----- DATA EXTRACTS -----
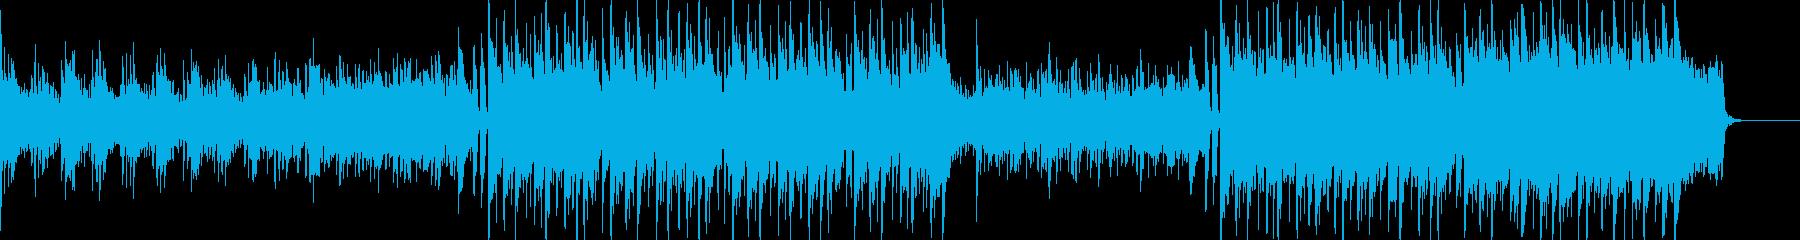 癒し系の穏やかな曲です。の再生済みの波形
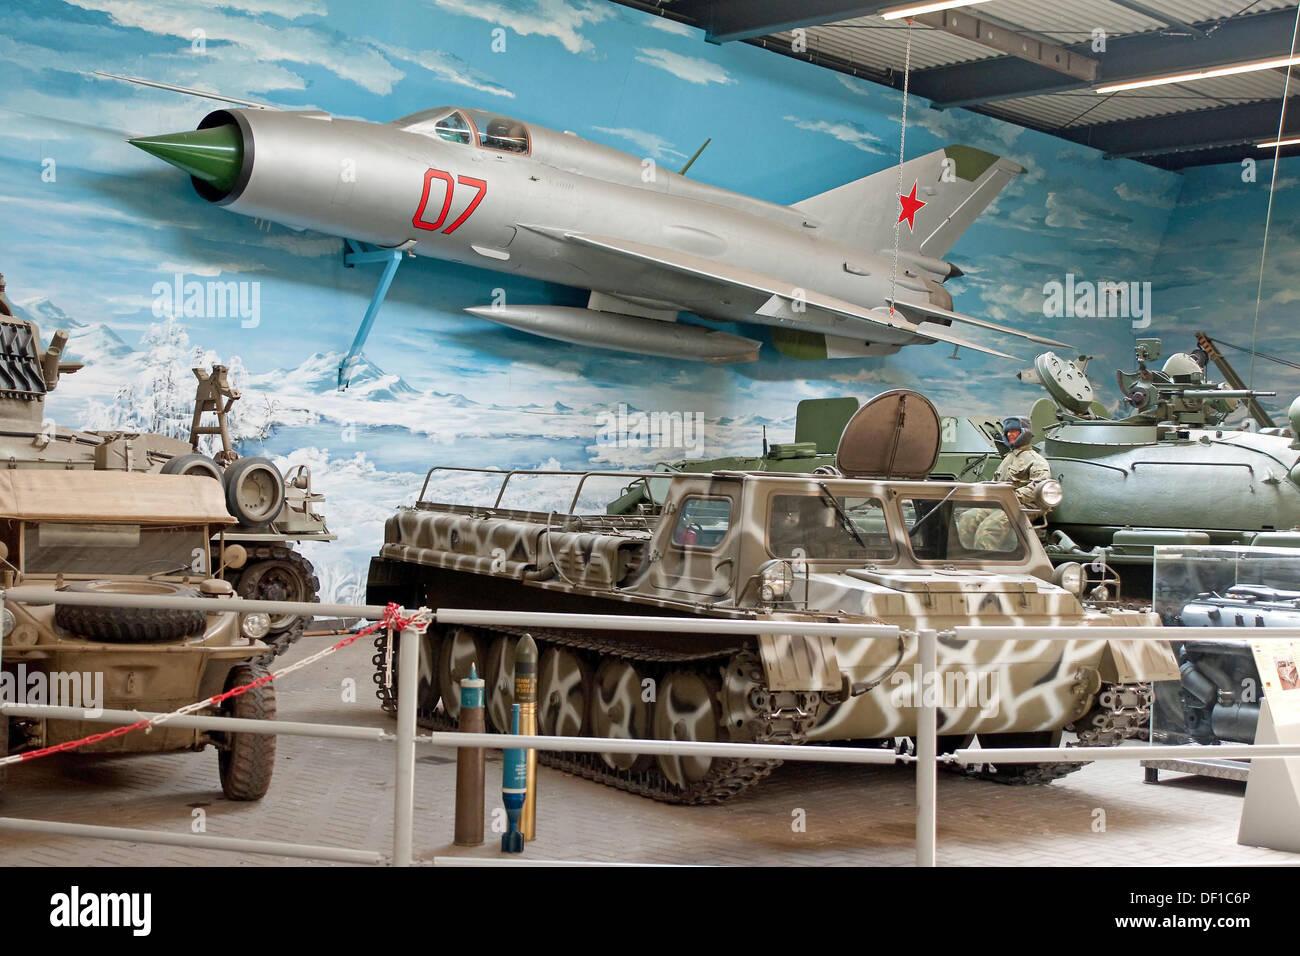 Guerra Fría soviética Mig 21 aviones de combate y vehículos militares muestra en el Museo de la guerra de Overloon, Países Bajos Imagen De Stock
-----
----- DATA EXTRACTS -----
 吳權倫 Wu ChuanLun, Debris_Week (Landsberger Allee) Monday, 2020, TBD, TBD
-----
----- DATA EXTRACTS -----
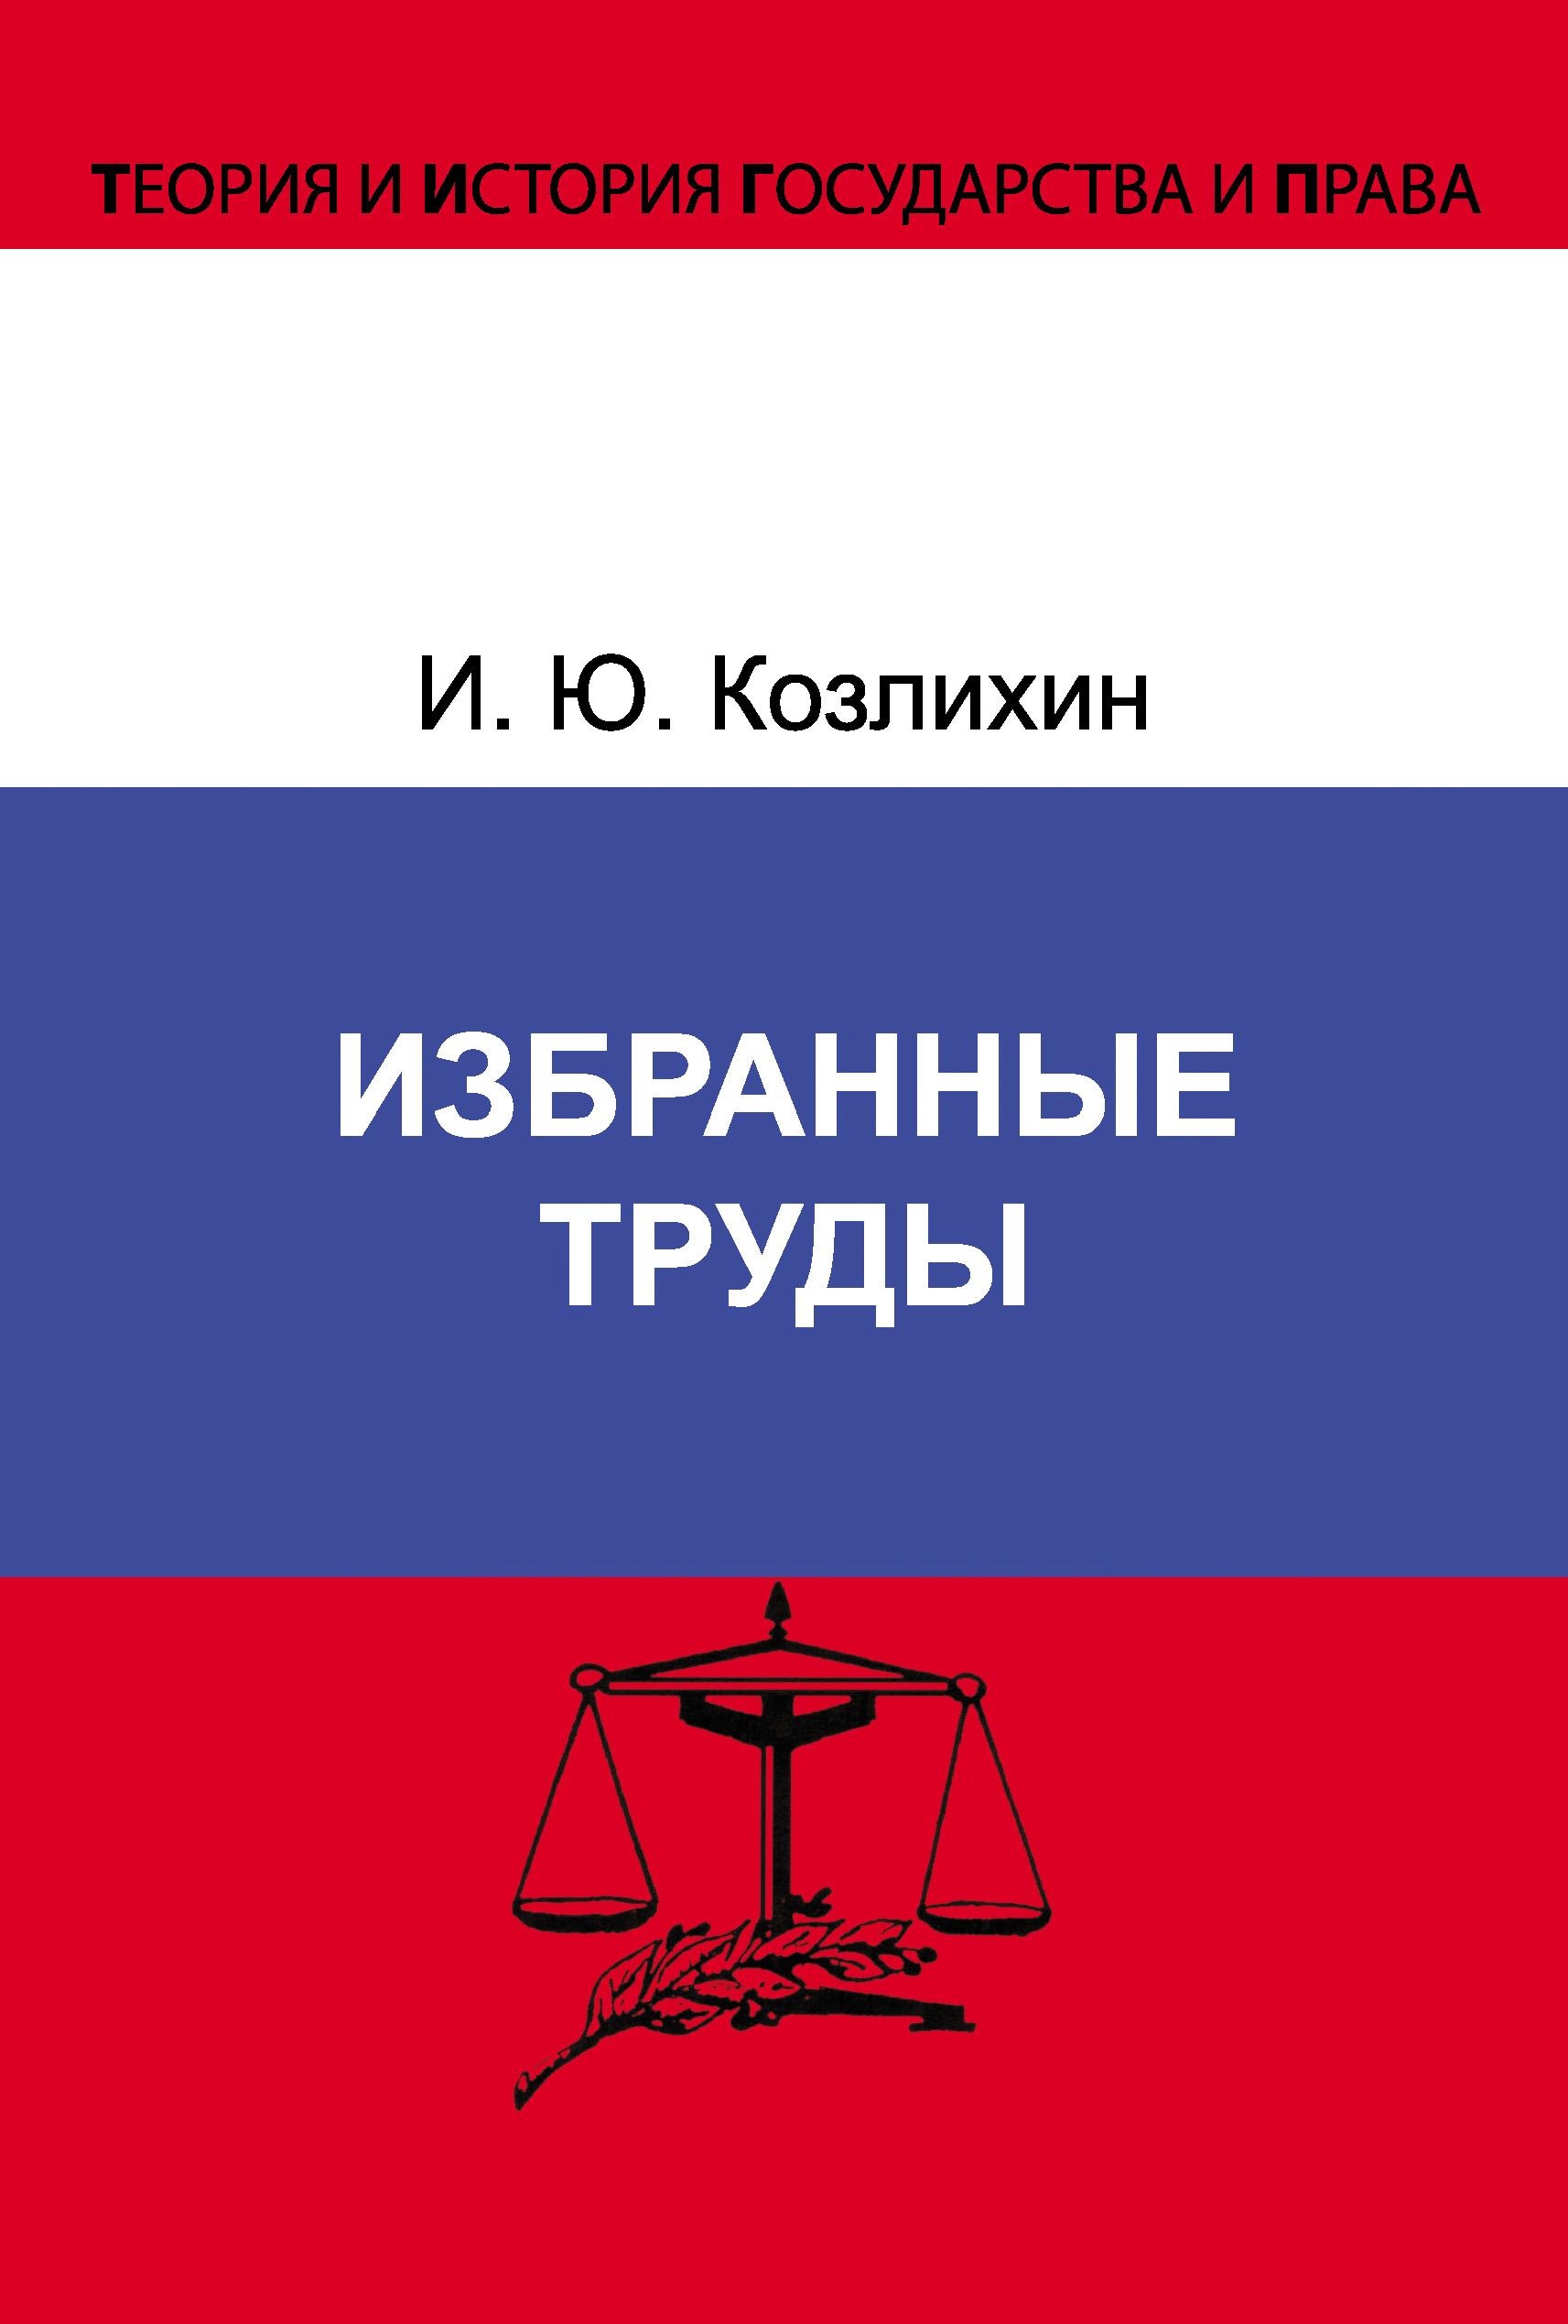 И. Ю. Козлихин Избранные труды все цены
-----
YOUR ASSIGNMENT:
Exactly reproduce the lines above, starting at the one that contains "癒し系の穏やかな曲です。の再生済みの波形" and ending at the one that contains "Guerra Fría soviética", both inclusive; leave the pictures out and add no other lines.

TASK SOLUTION:
 癒し系の穏やかな曲です。の再生済みの波形
 Guerra Fría soviética Mig 21 aviones de combate y vehículos militares muestra en el Museo de la guerra de Overloon, Países Bajos Imagen De Stock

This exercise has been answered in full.